Word similarity (more)

Expect topical neighbors as well as true synonyms. Static vectors collapse all senses of a word into one point, so polysemous words can produce mixed neighborhoods.

get_similar_tokens('baby', 3, glove_6b50d)
cosine sim=0.839: babies
cosine sim=0.800: boy
cosine sim=0.792: girl
get_similar_tokens('beautiful', 3, glove_6b50d)
cosine sim=0.921: lovely
cosine sim=0.893: gorgeous
cosine sim=0.830: wonderful

Word analogy

\mathbf{v}_b - \mathbf{v}_a + \mathbf{v}_c \approx \mathbf{v}_d — classic A:B :: C:D analogies. Look up the nearest neighbor of the query vector to read out D.

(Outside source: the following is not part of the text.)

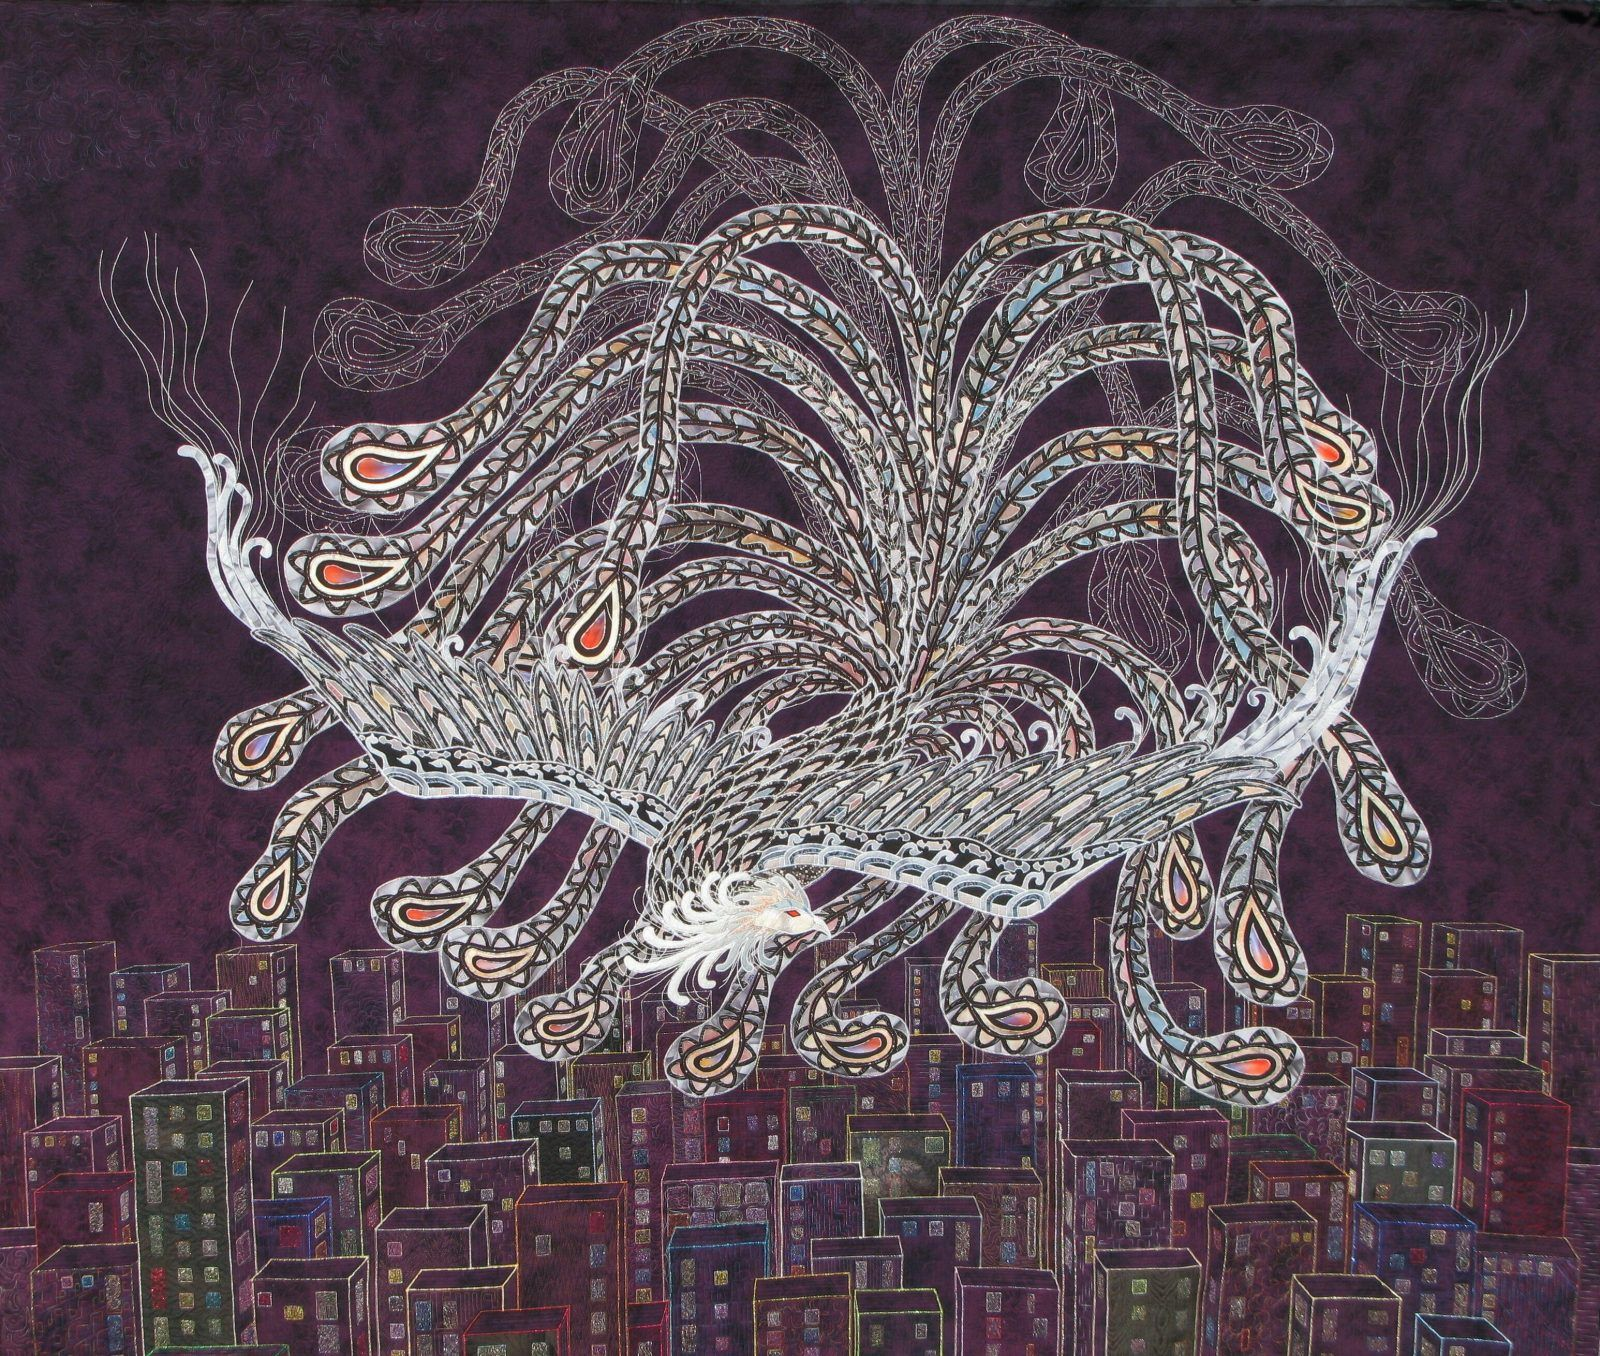 お江戸日本橋キルト展2017「Phoenix フェニックス」 – Patchwork Quilt パッチワークミシンキルトNakazawa Felisa 中沢フェリーサ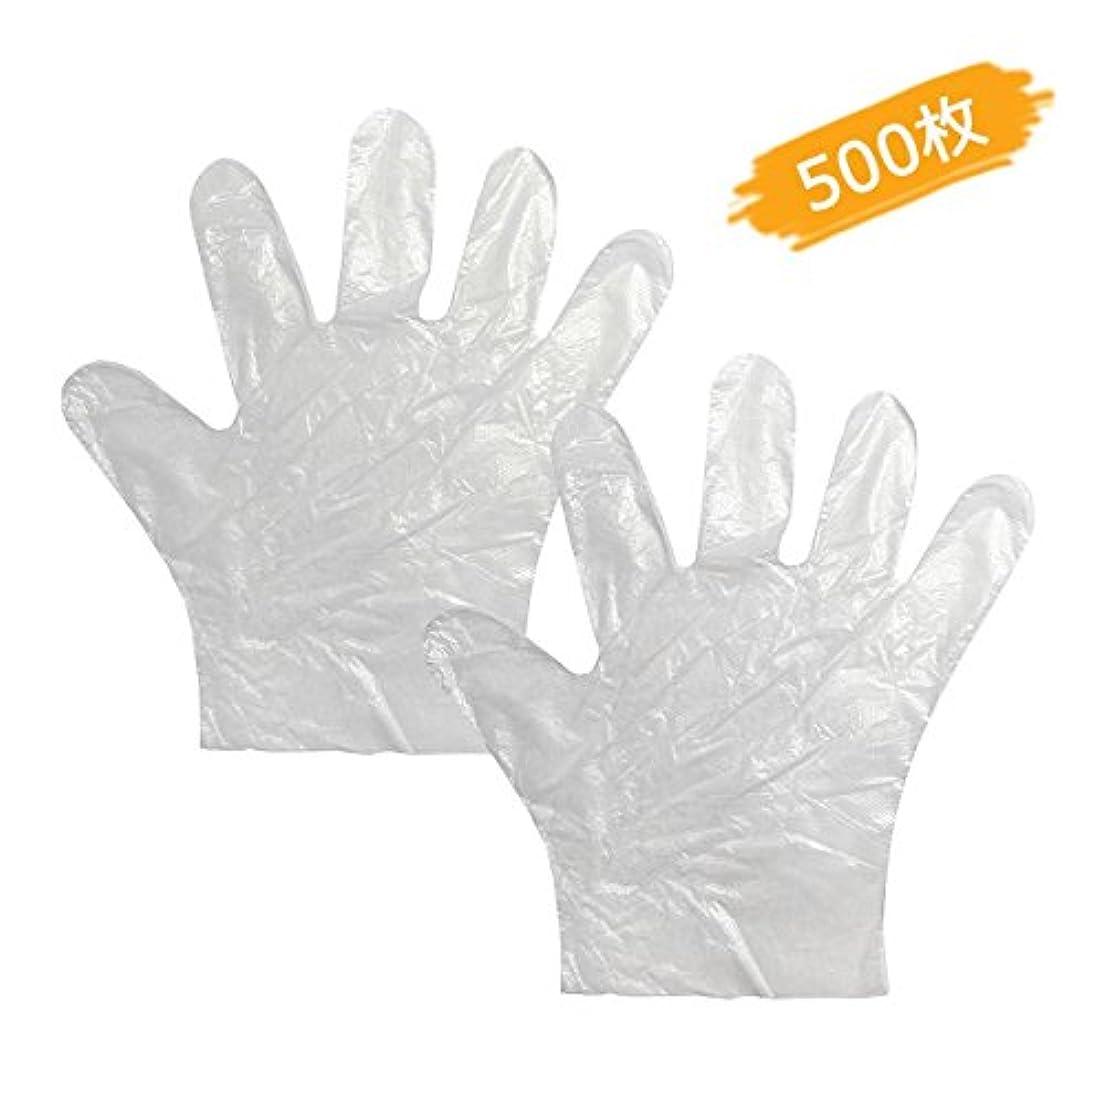 くつろぎ我慢するペレグリネーション使い捨て手袋 プラスティック手袋 極薄ビニール手袋 調理 透明 実用 500枚入

def get_analogy(token_a, token_b, token_c, embed):
    vecs = embed[[token_a, token_b, token_c]]
    x = vecs[1] - vecs[0] + vecs[2]
    topk, cos = knn(embed.idx_to_vec, x, 1)
    return embed.idx_to_token[int(topk[0])]  # Remove unknown words
get_analogy('man', 'woman', 'son', glove_6b50d)
'daughter'

More analogies

Good analogy results mean the training corpus encoded a fairly linear relation. Bad results are still useful: they show the limits of one-vector-per-word embeddings.

get_analogy('beijing', 'china', 'tokyo', glove_6b50d)
'japan'
get_analogy('bad', 'worst', 'big', glove_6b50d)
'biggest'
get_analogy('do', 'did', 'go', glove_6b50d)
'went'

Recap

  • Trained word vectors capture meaningful structure even without explicit supervision: similarity, syntax, semantics.
  • Vector arithmetic for analogies works partially — easy cases yes, harder ones often pick a typo or near-miss.
  • Static embeddings (one vector per word) are the pre-2018 paradigm; contextual embeddings (BERT next deck) replace them in modern NLP.